Chapter One - On the Run (continued)




She could step around the corner of one life into another, like Alice stepping through the looking glass. She could shed her persona, drape herself in anonymity and walk away from 38 years of living that had brought her into the electric zone of fame and fortune - fame that now threatened to erase her entirely.
. . . She could turn up missing or dead, a corpse like her husband floating and bobbing along the banks of the East River. She could turn up missing and alive, captured, bound and delivered to some old enemies or friends (she knew not which) of her husband’s.
. . . Or she could climb the stairs, four flights of them, to the heavy metal door that would swing open on complaining hinges and set her free.
. . . She could erase all traces of her former life in order to avoid a more extreme form of oblivion. She could leave her East Side sanctuary behind and invent her own witness protection program.
. . . But witness to what? she wondered. Why was she being followed and what did they want from her? The morning’s message had been terse, unclear and yet ominous in tone. They explained little but gave her a meeting place.
. . . “Be in Central Park at the sailboat pond at noon today. Sit at a bench near the Hans Christian Andersen statue.”
. . . Ironic choice, she chuckled to herself, recalling that the author is seated reading the “Ugly Duckling” to a duck at his feet. Was there some hidden message behind this choice?
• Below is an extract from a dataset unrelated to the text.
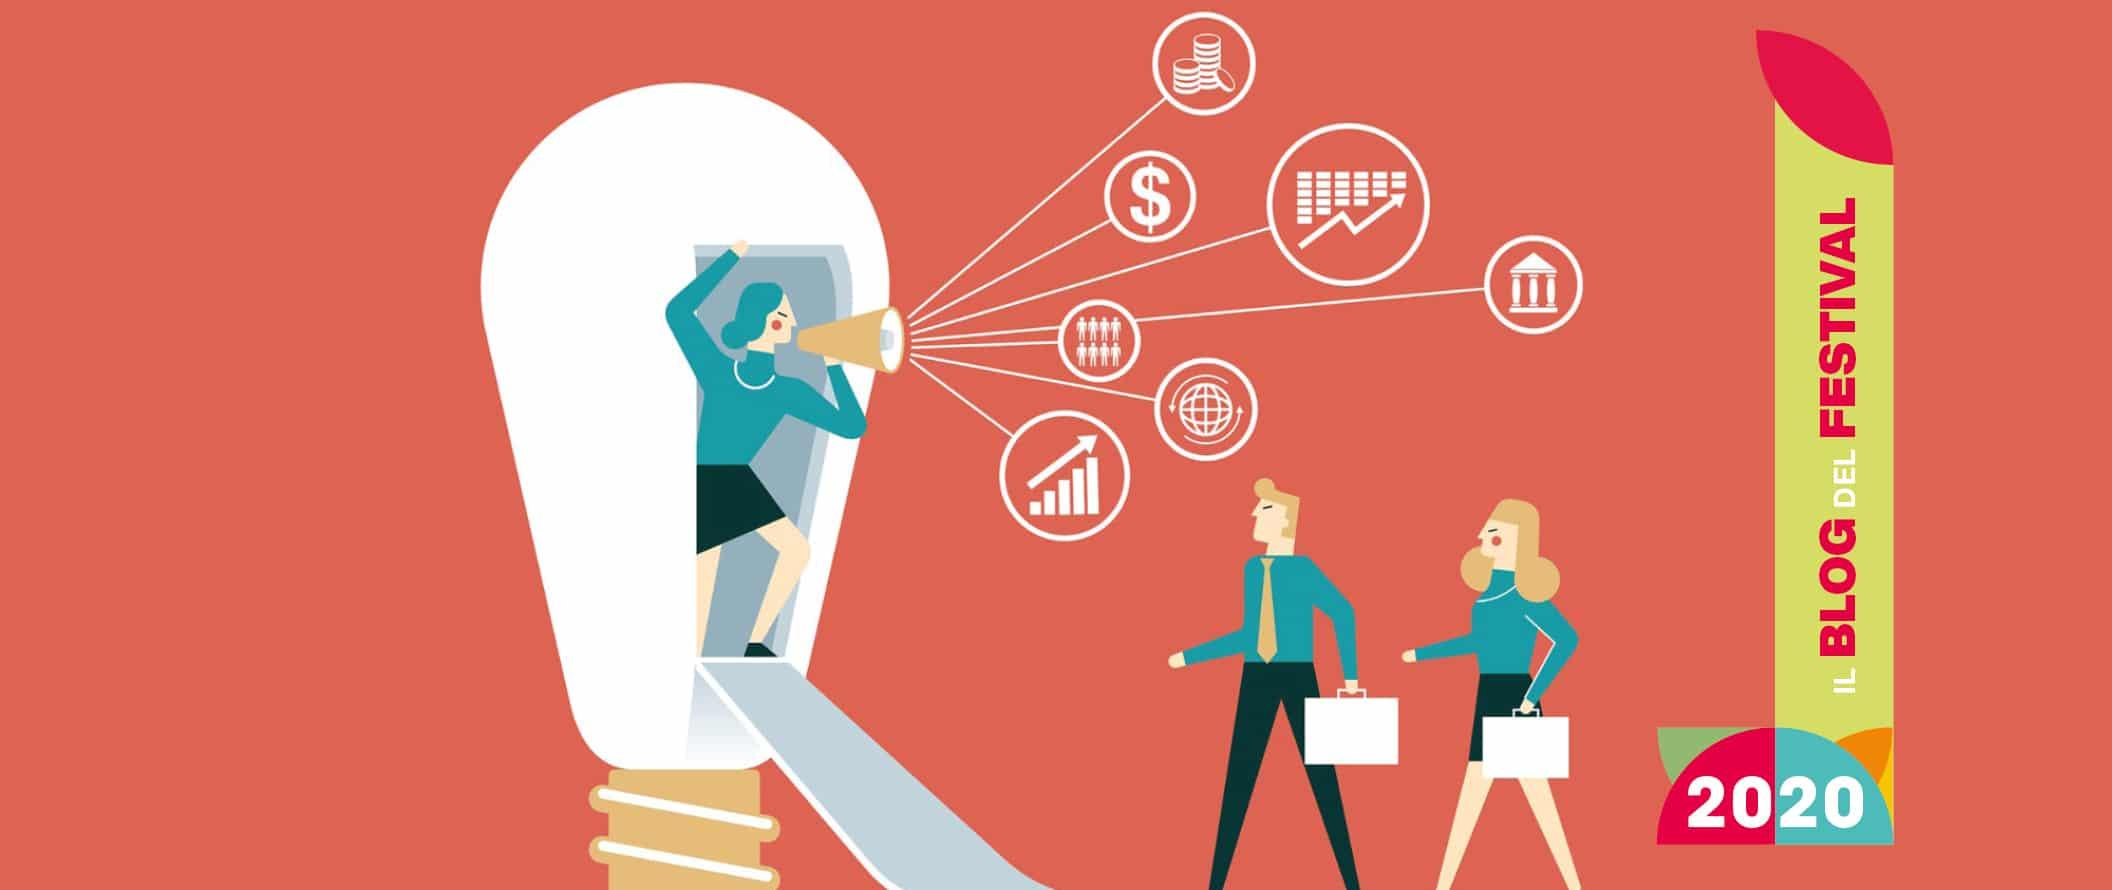 Impresa, finanza e indebitamento: guarda il webinar dell'Osservatorio sulle Crisi d'Impresa

. . . Why hadn’t they picked the “Mad Tea Party” sculpture at the North end of the pond? “Alice in Wonderland” seemed a more appropriate story to match the situation.
. . . She could “go on the lam,” she remembered from some gangster film.
. . . She could have taken the elevator up, but she wondered if they had some way of tracking its movements. She was even careful to muffle the sound of the heavy door shutting. She left the bolts unlocked. She thought they might have eavesdropping equipment that could track her steps.
. . . And then again, she worried that her imagination was exaggerating the risks and the threats. Paranoia lurked nearby - a shadowy leering companion, cackling at her struggles.
. . . The stairs up to the roof were shining clean, barren and virtually untouched until she reached the top landing where the door to the roof awaited her. Because many of the building’s tenants enjoyed tanning on the rooftop, the landing’s linoleum was scuffed and scarred.
. . . She cautiously swung the heavy green metal open to a morning that was mild, bright, and seemingly unaware of the danger stalking her. In no time at all, she had crossed three rooftops, passed three water towers and pulled open the metal door of the corner building. Feeling braver, she took the antique Otis elevator down to the lobby where the exit waited for her.
. . . As she emerged from the revolving brass doors, her gait was measured, her steps were flat and her normally brisk, purposeful stride had disappeared. Anyone watching her from the street would have ignored her, would have thought her unremarkable and quite dull.
. . . She headed for Central Park slowly.